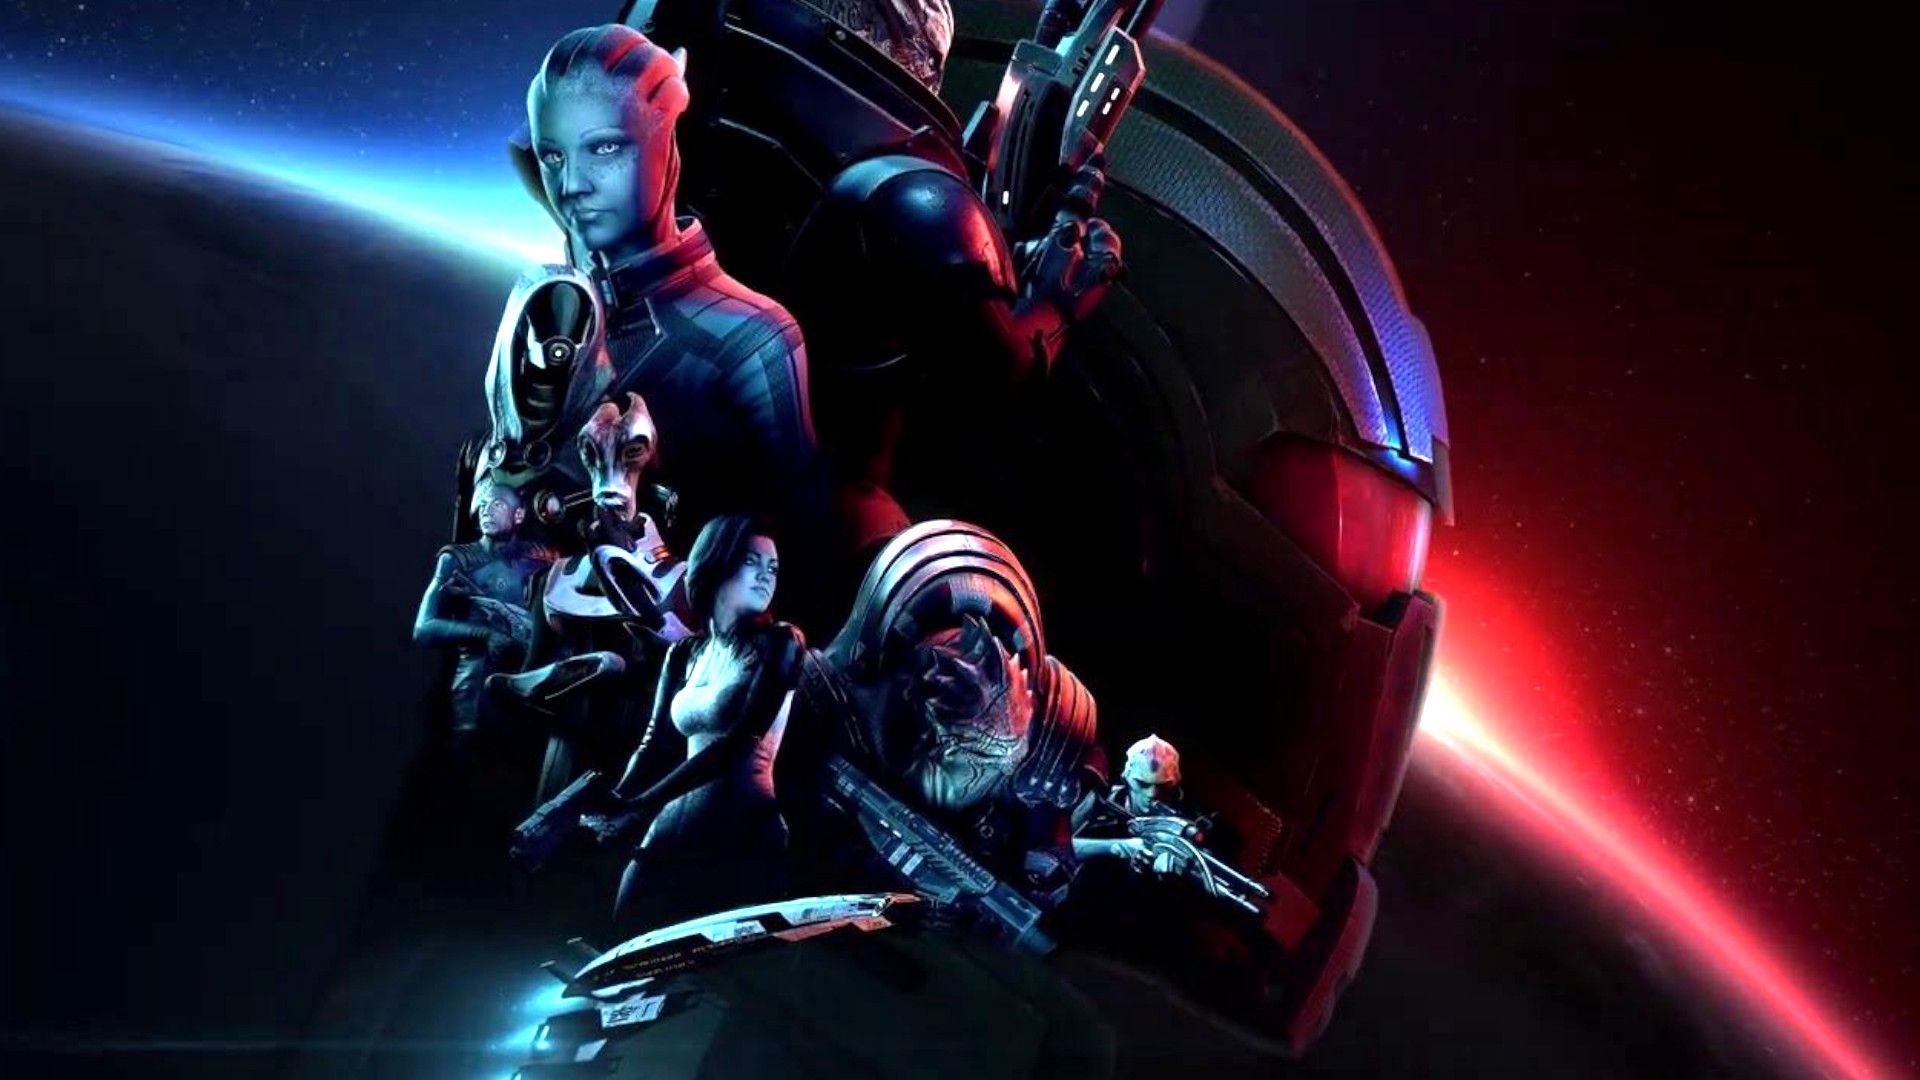 Mass Effect: Legendary Edition Wallpaper Free Mass Effect: Legendary Edition Background
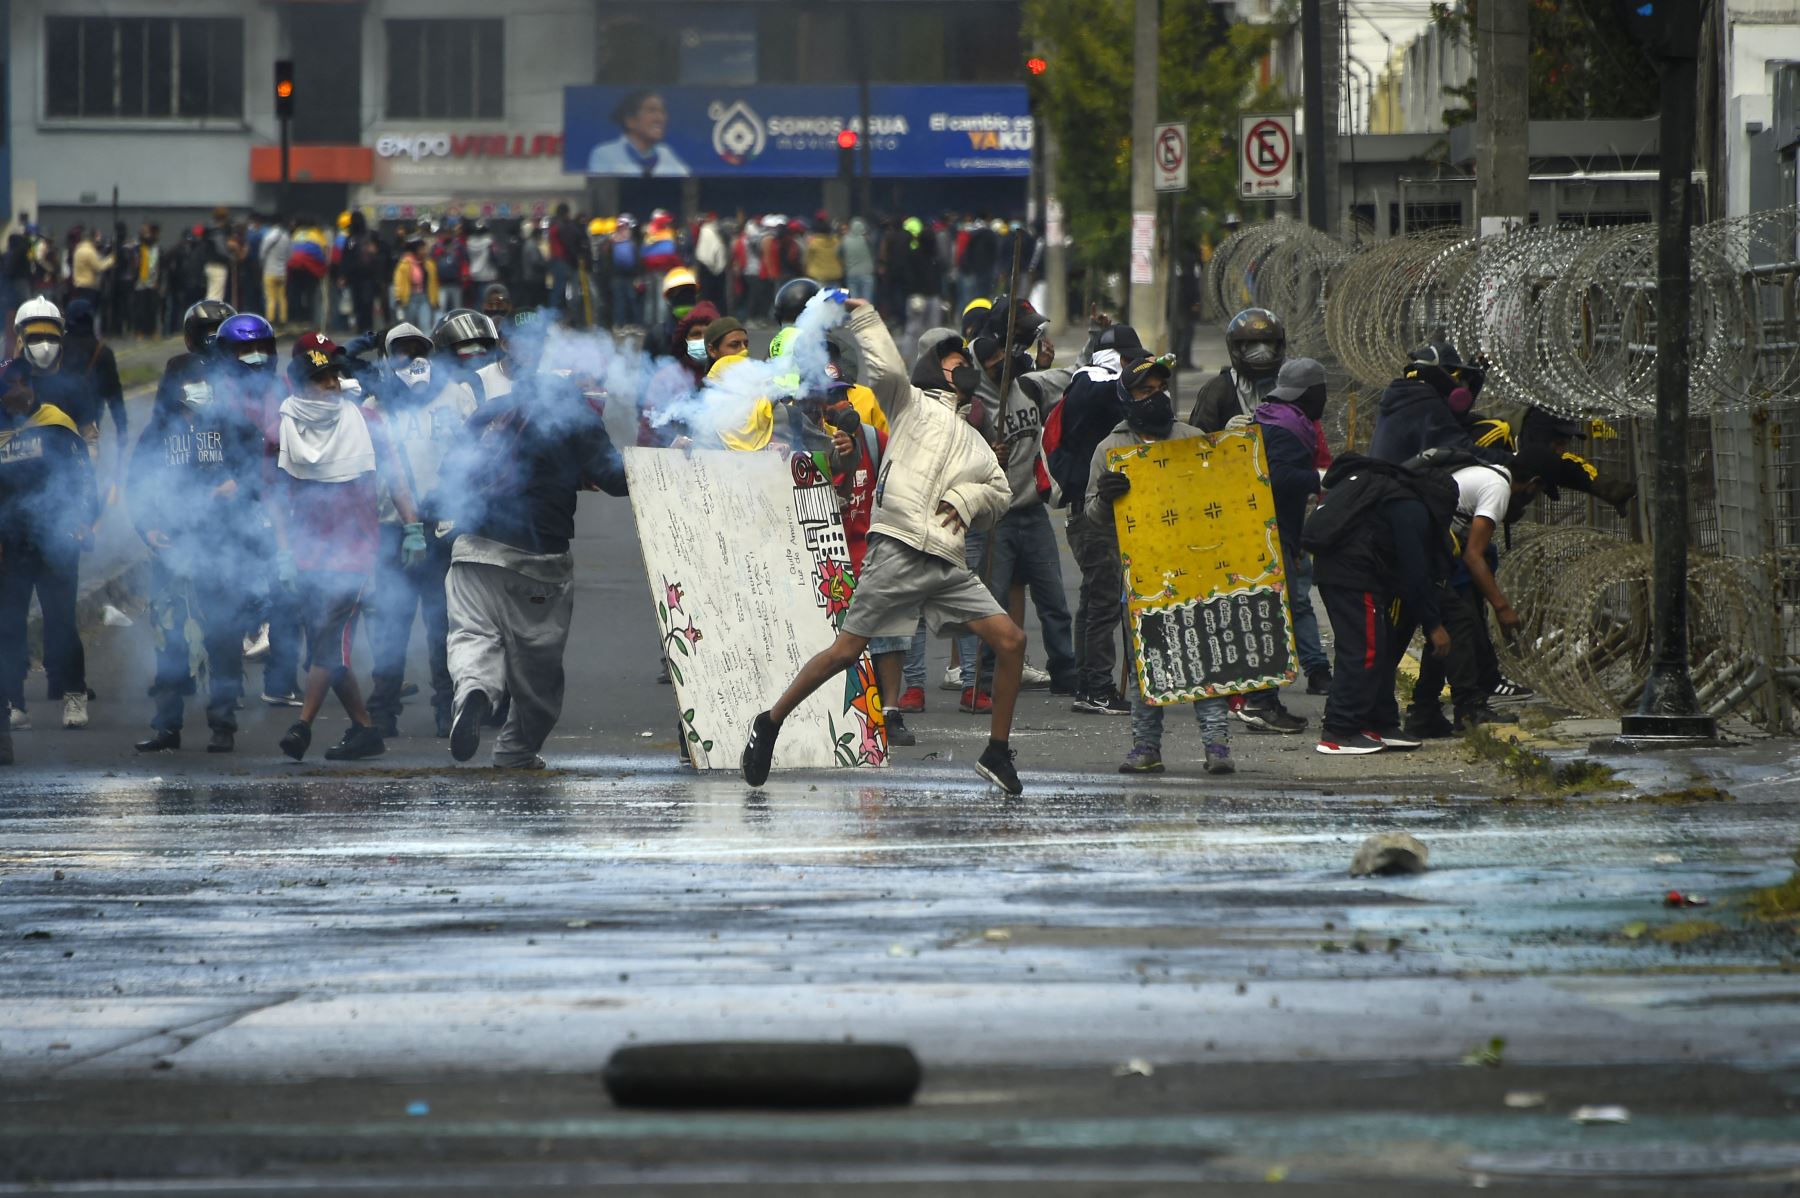 Manifestantes chocan con la policía en Quito el 23 de junio de 2022, en el marco de protestas lideradas por indígenas contra el gobierno. Indígenas ecuatorianos han llegado a la capital Quito desde todo el país en los últimos días para unirse a las protestas contra los altos precios del combustible y el costo de vida.
Foto: AFP
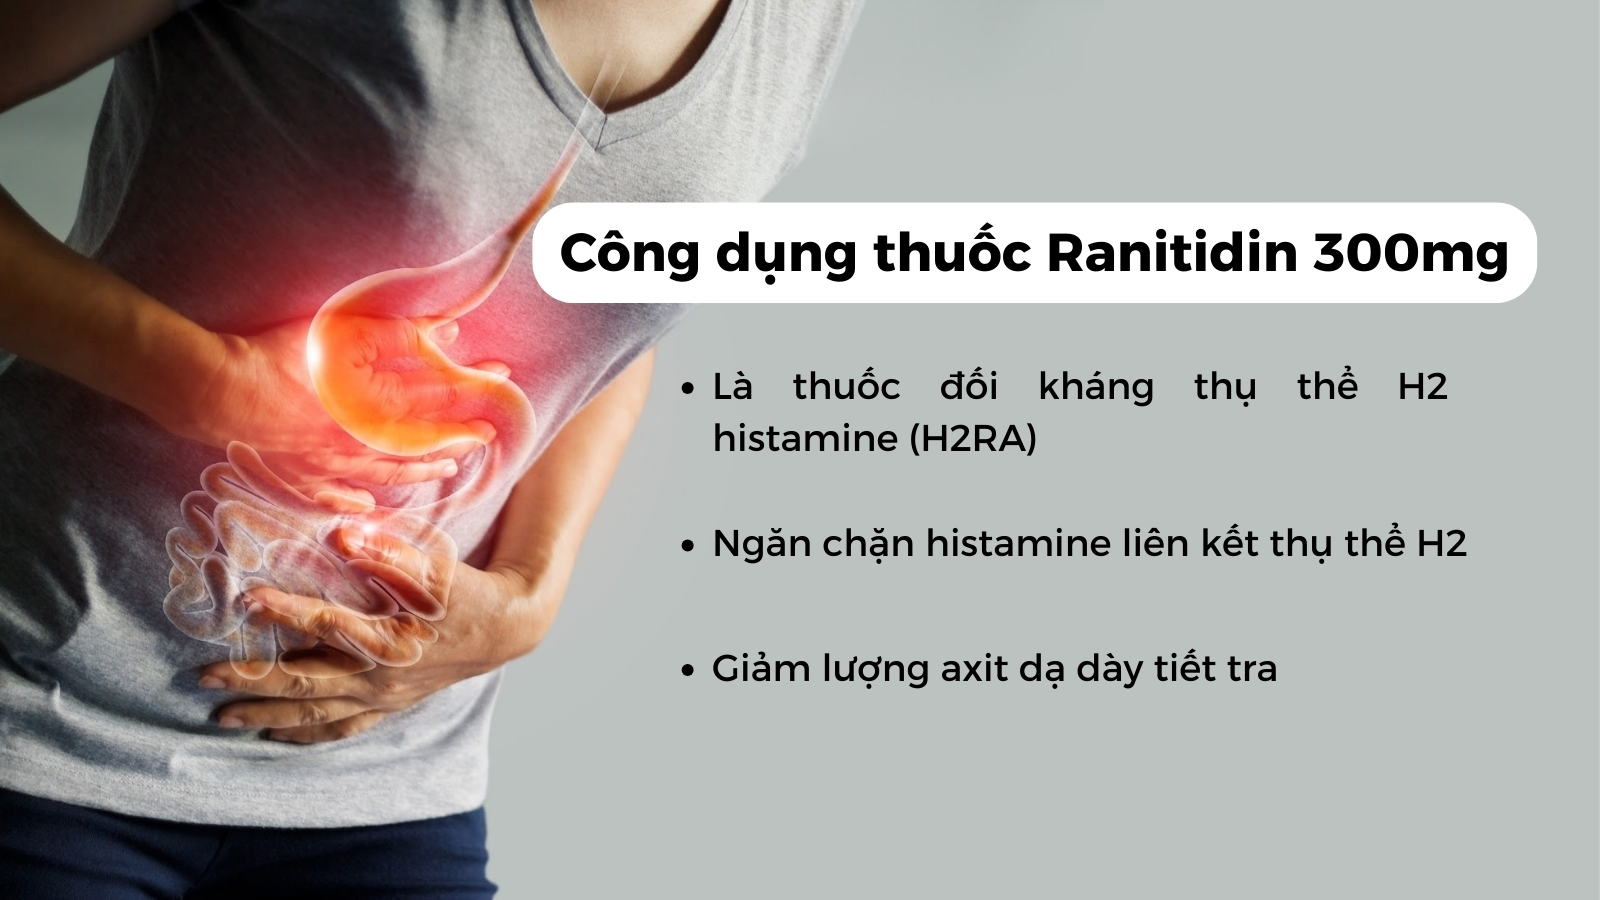 Thuốc Ranitidin 300mg điều trị bệnh lý liên quan đến dạ dày
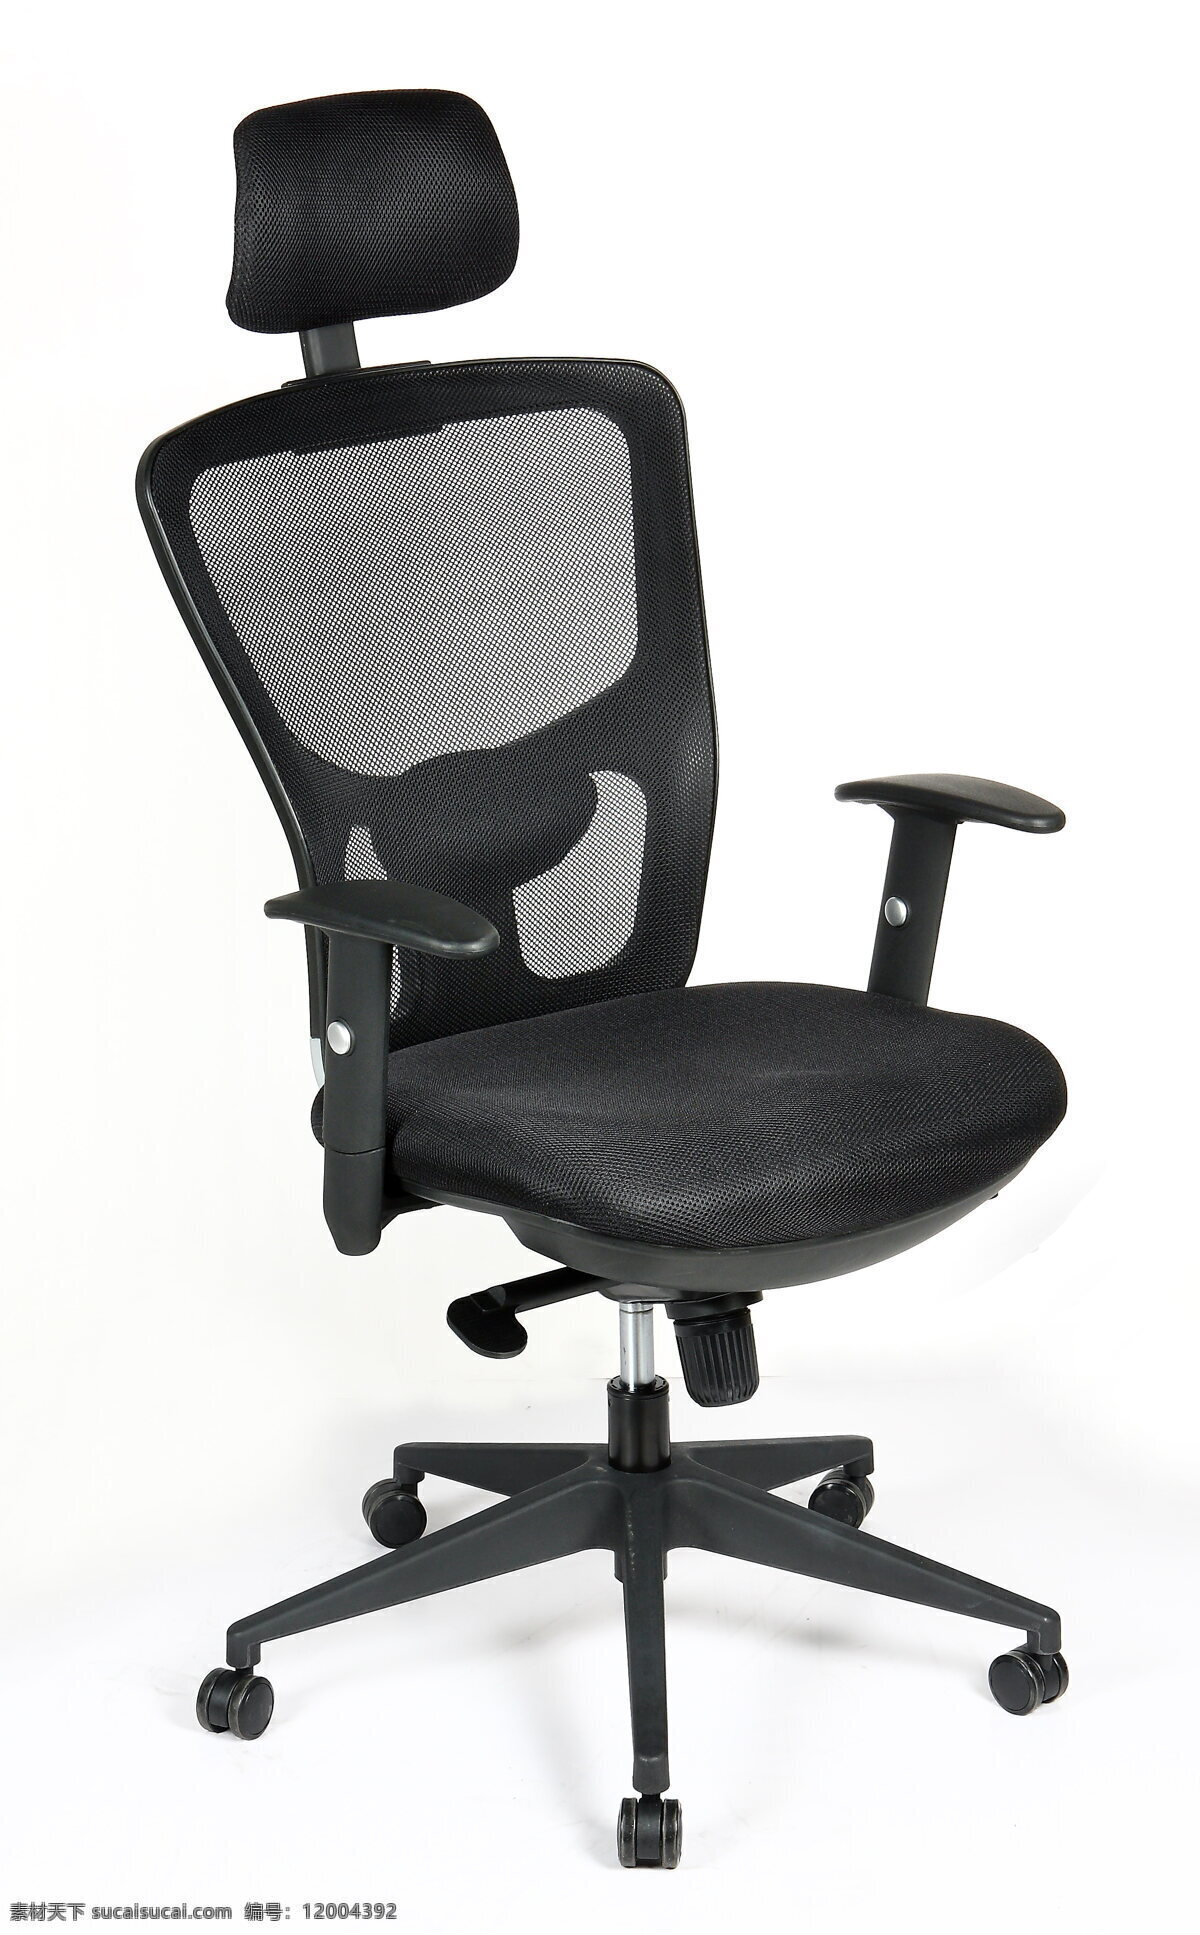 办公椅 转椅 老板椅 经理椅 活动椅子 可升降转椅 办公家具 办公器材 商务金融 商务素材
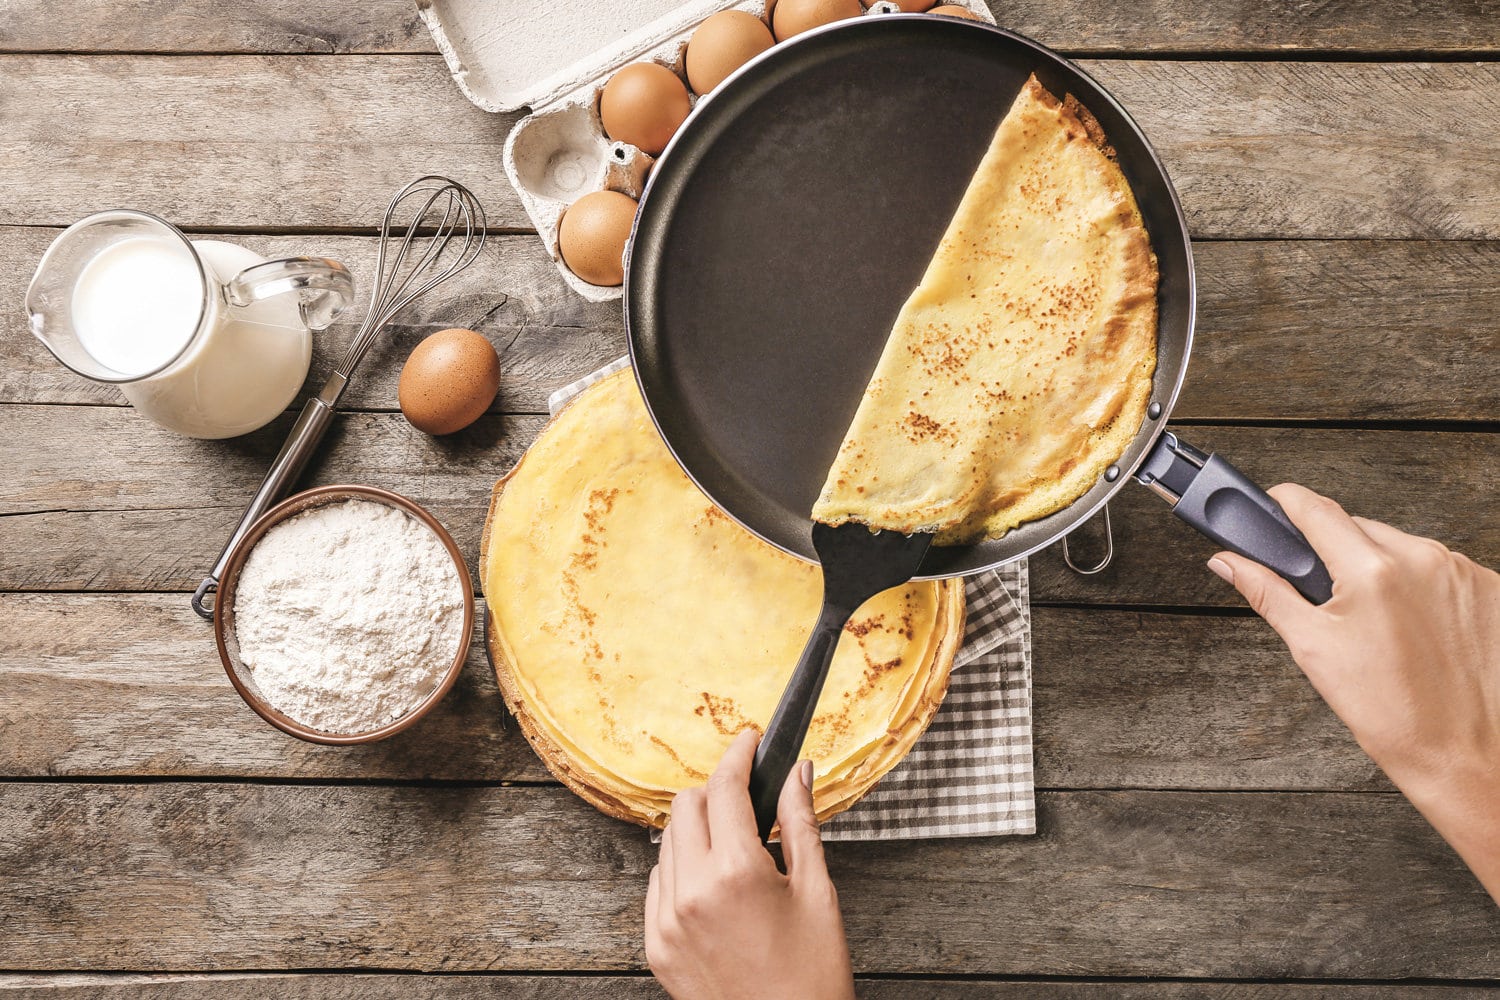 Woman making thin pancakes on frying pan in kitchen.

● ● ● ● ● ● ●

### THE TASK
Your task is to repeat the records exactly. Images do not belong in the copy.

### WORKED SOLUTION
 Mass Effect: Legendary Edition Wallpaper Free Mass Effect: Legendary Edition Background
 Manifestantes chocan con la policía en Quito el 23 de junio de 2022, en el marco de protestas lideradas por indígenas contra el gobierno. Indígenas ecuatorianos han llegado a la capital Quito desde todo el país en los últimos días para unirse a las protestas contra los altos precios del combustible y el costo de vida.
Foto: AFP
 Thuốc Ranitidin 300mg điều trị bệnh lý liên quan đến dạ dày
 办公椅 转椅 老板椅 经理椅 活动椅子 可升降转椅 办公家具 办公器材 商务金融 商务素材
 Woman making thin pancakes on frying pan in kitchen.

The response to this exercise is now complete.